▶ _WORK INSTRUCTIONS_
Transcribe the listing underneath, keeping each word exact and omitting the images.

▶ _PROVIDED MATERIAL_
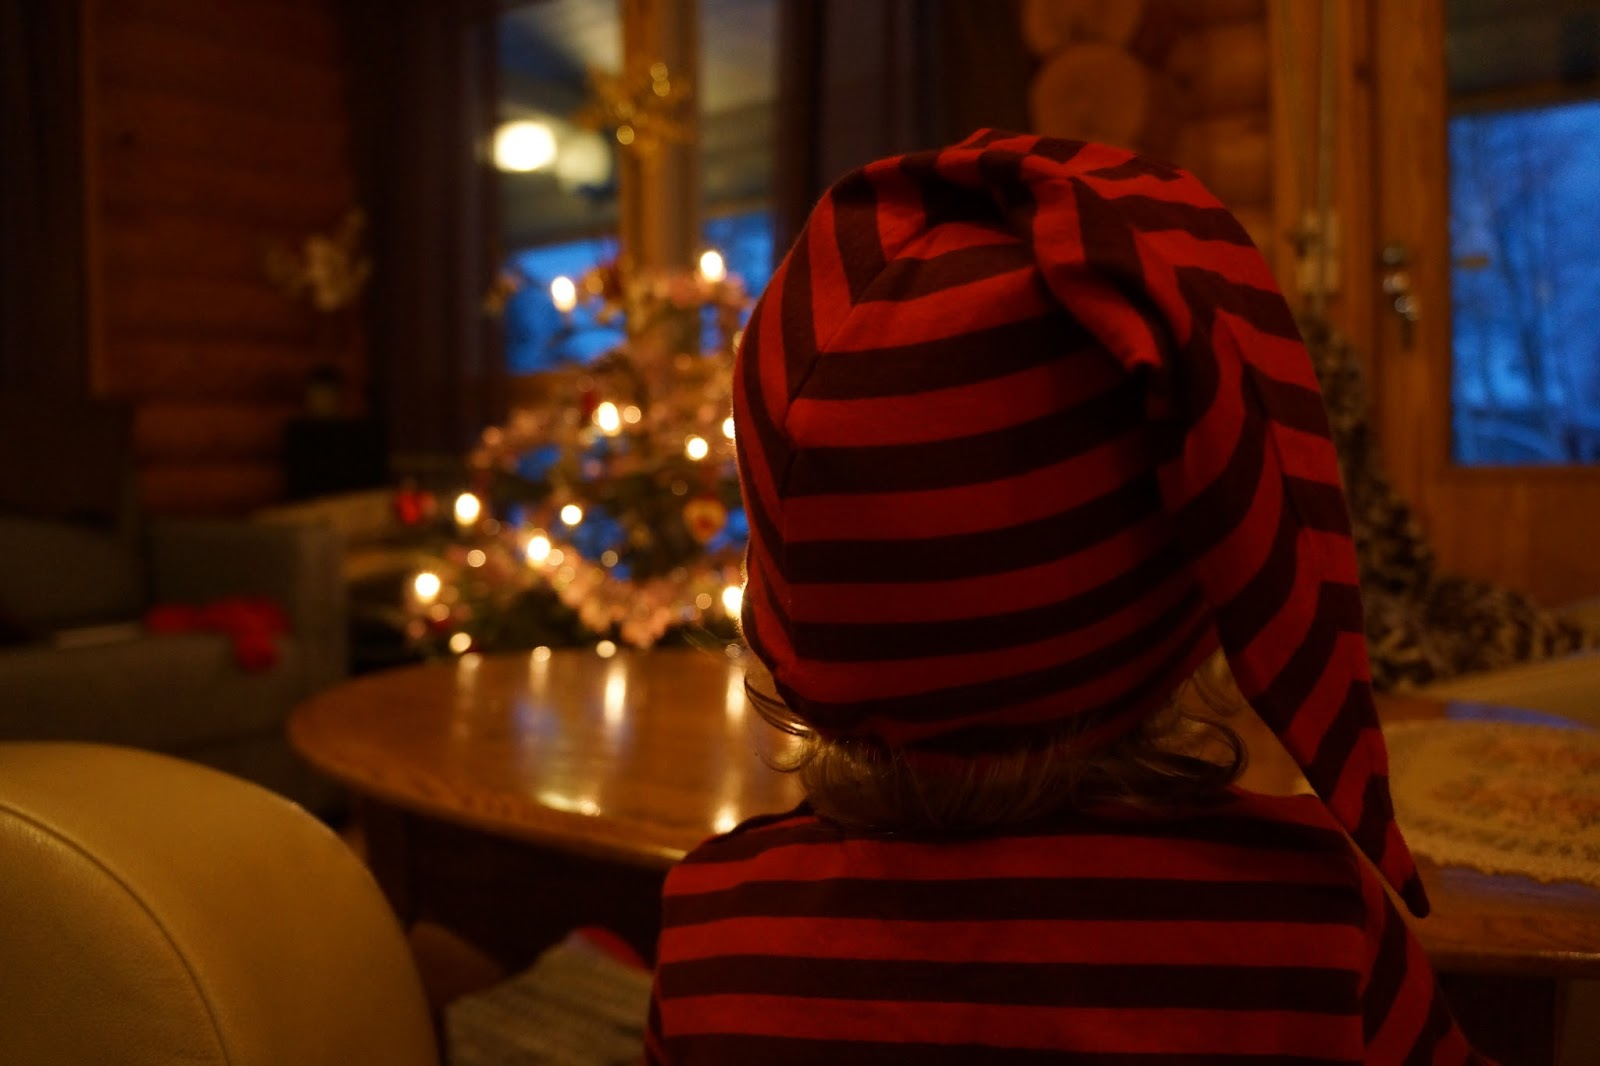 toddler wearing finnish marimekko elf hat in front of a christmas tree
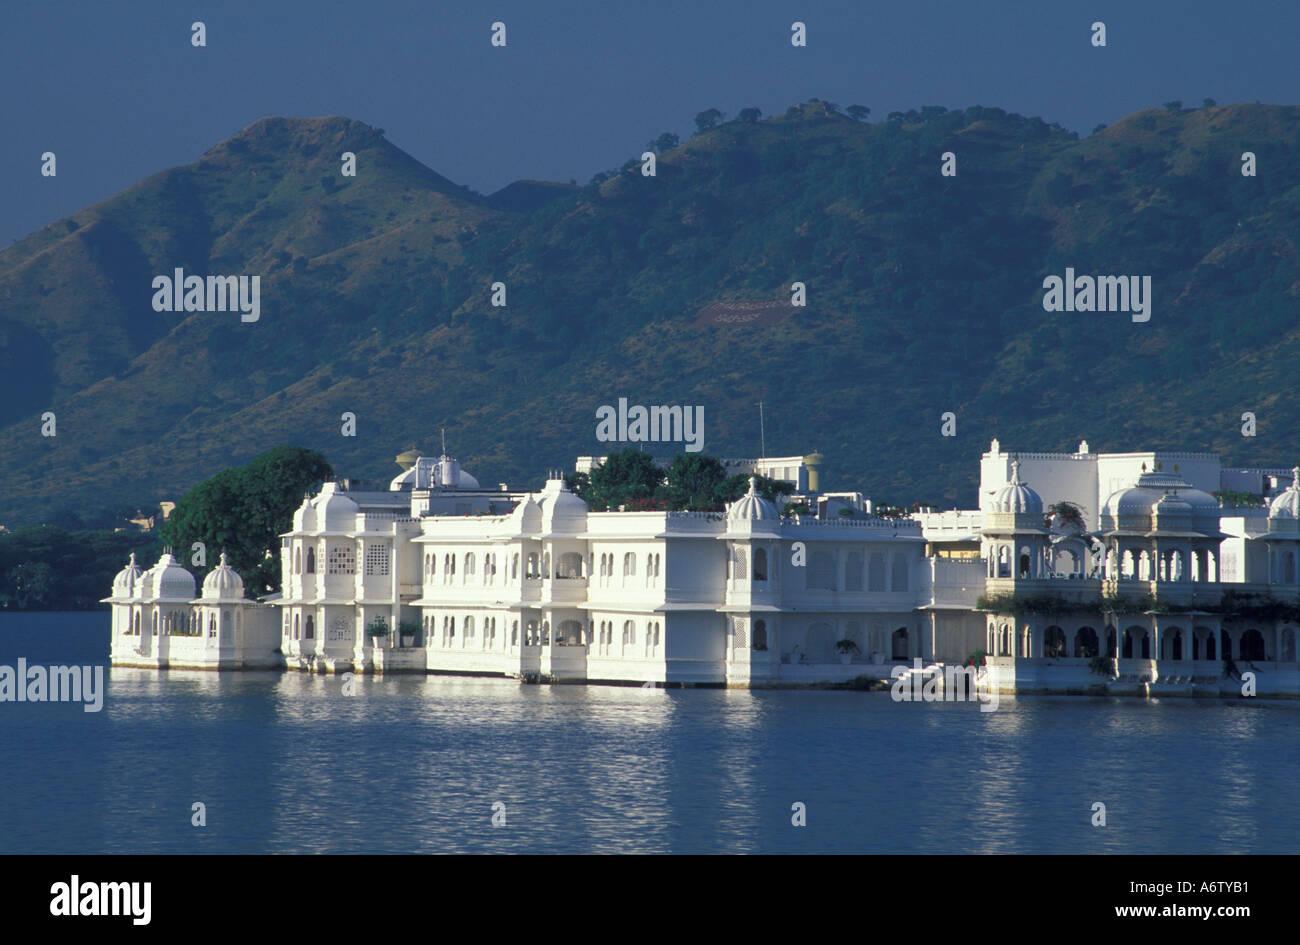 India, Rajasthan, Pichola Lake. Lake Palace Hotel, summer palace for city's rulers. Built 1746. - Stock Image
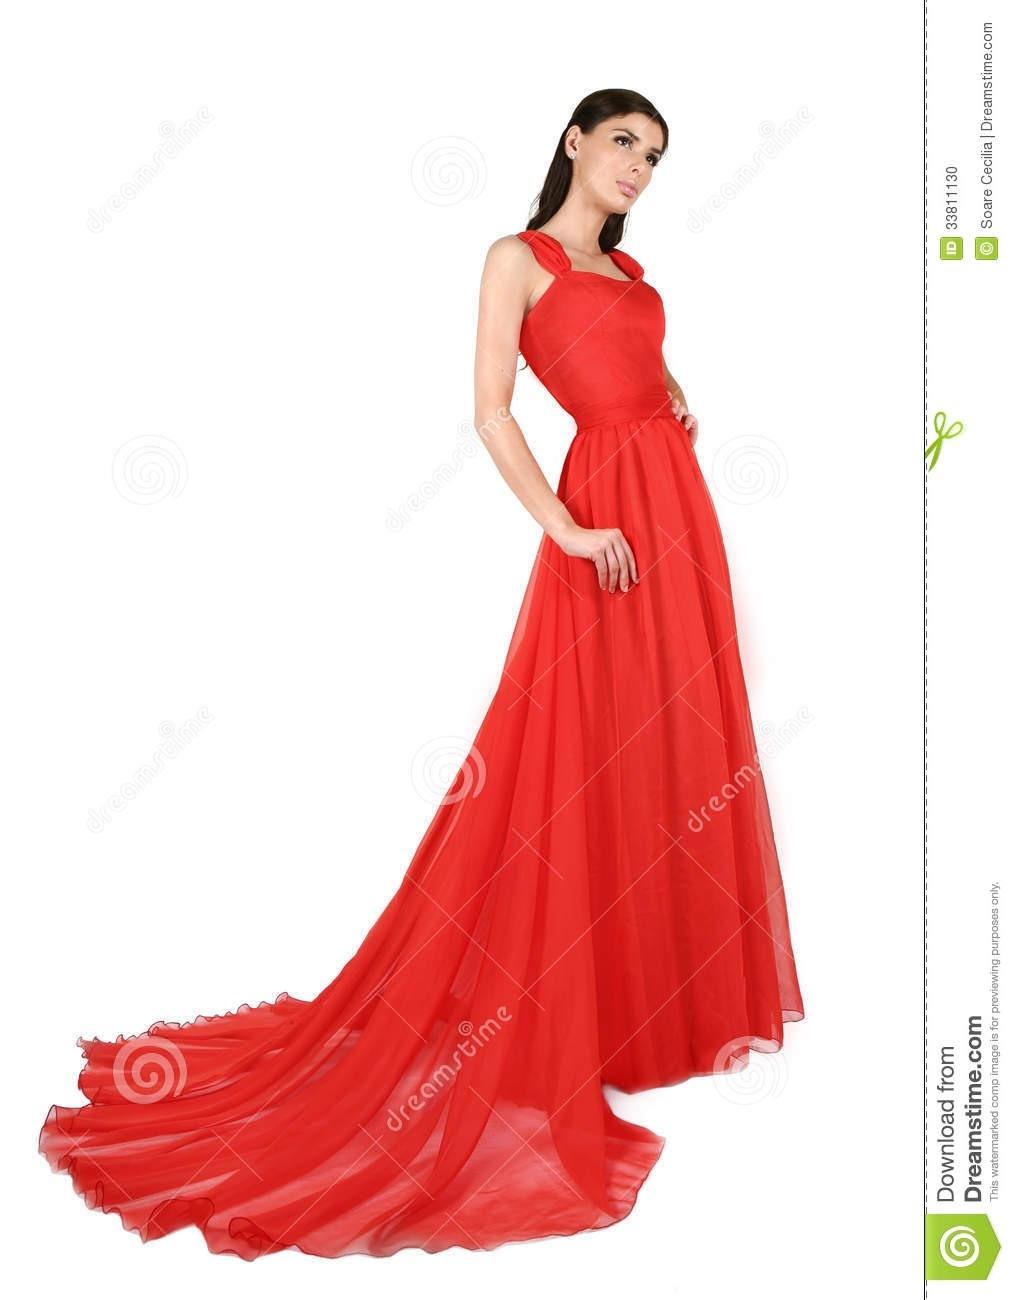 Formal Schön Rotes Abendkleid GalerieDesigner Kreativ Rotes Abendkleid Boutique
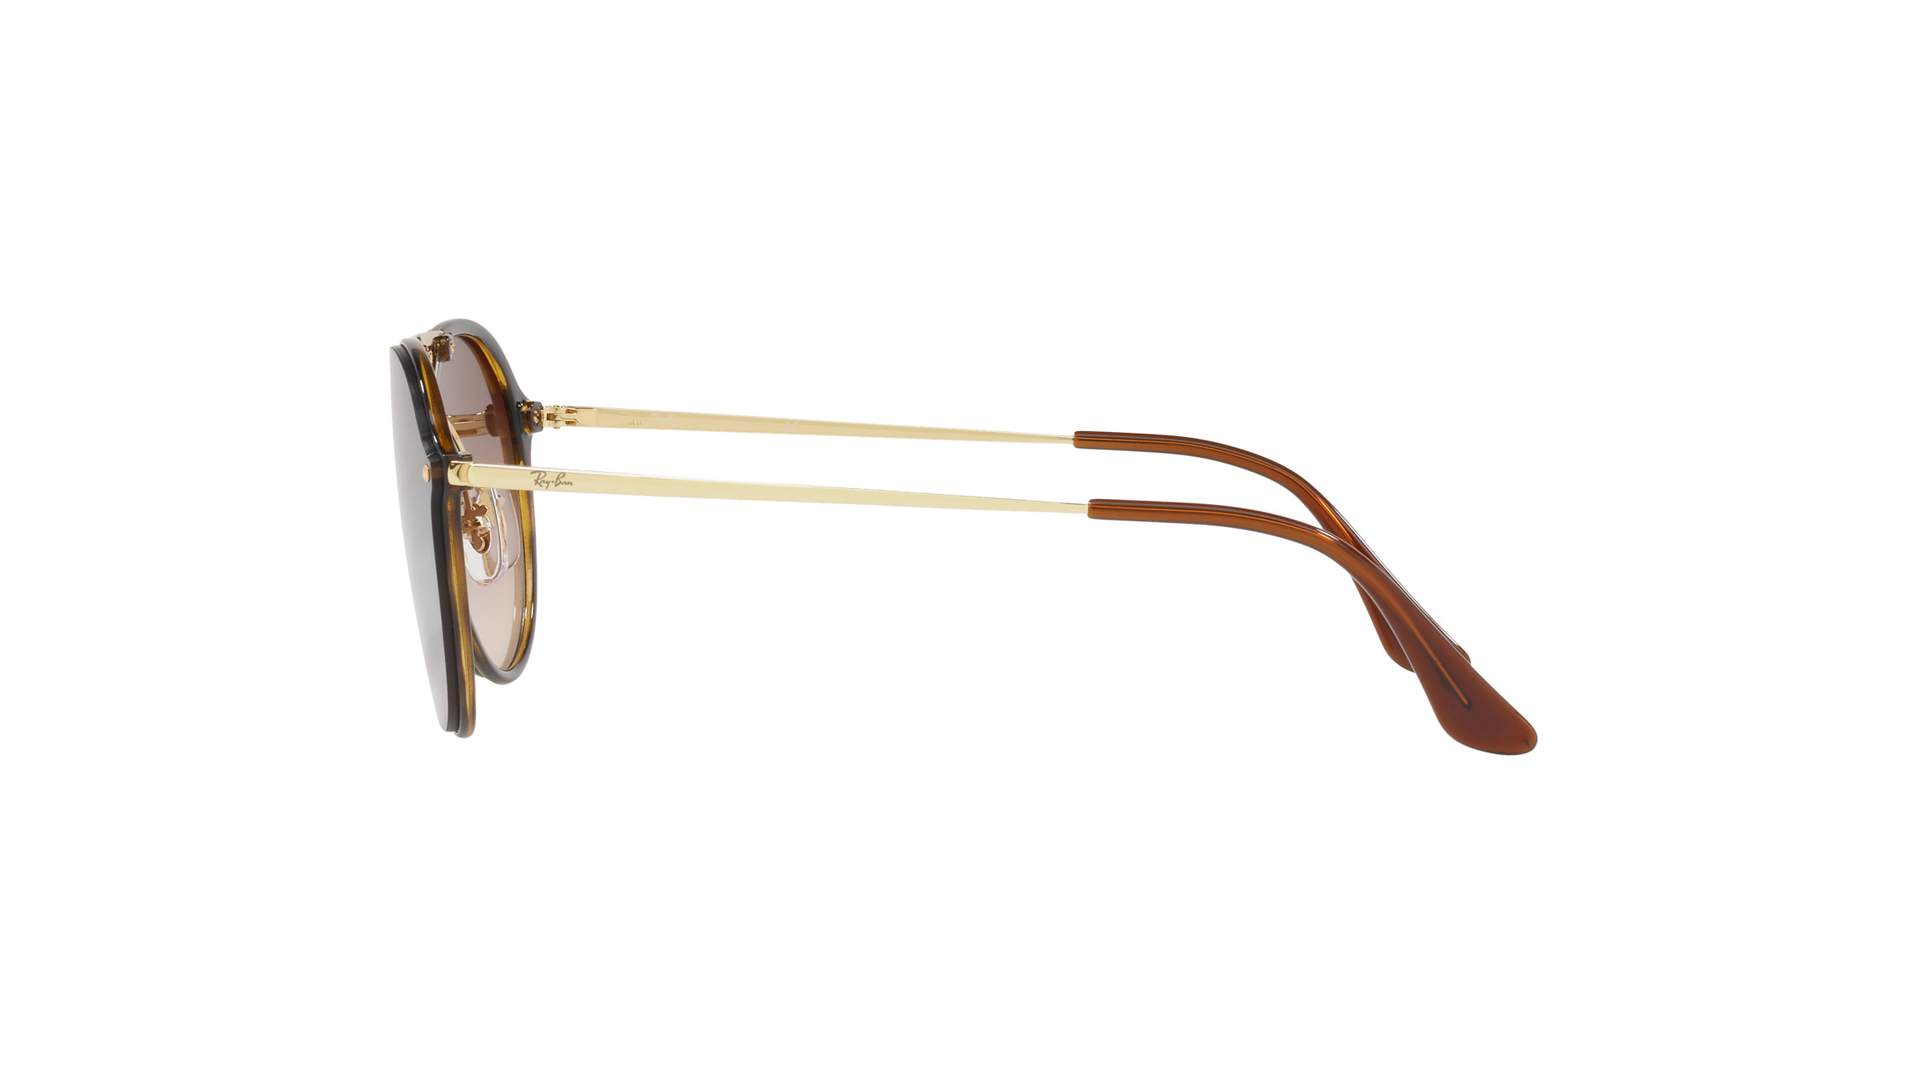 Sunglasses Ray-Ban Blaze Double Bridge Gold RB4292N 710 13 62-14 Large  Gradient ee86c9f03a

▶ _EXERCISE RESULT_
 toddler wearing finnish marimekko elf hat in front of a christmas tree
 India, Rajasthan, Pichola Lake. Lake Palace Hotel, summer palace for city's rulers. Built 1746. - Stock Image
 Formal Schön Rotes Abendkleid GalerieDesigner Kreativ Rotes Abendkleid Boutique
 Sunglasses Ray-Ban Blaze Double Bridge Gold RB4292N 710 13 62-14 Large  Gradient ee86c9f03a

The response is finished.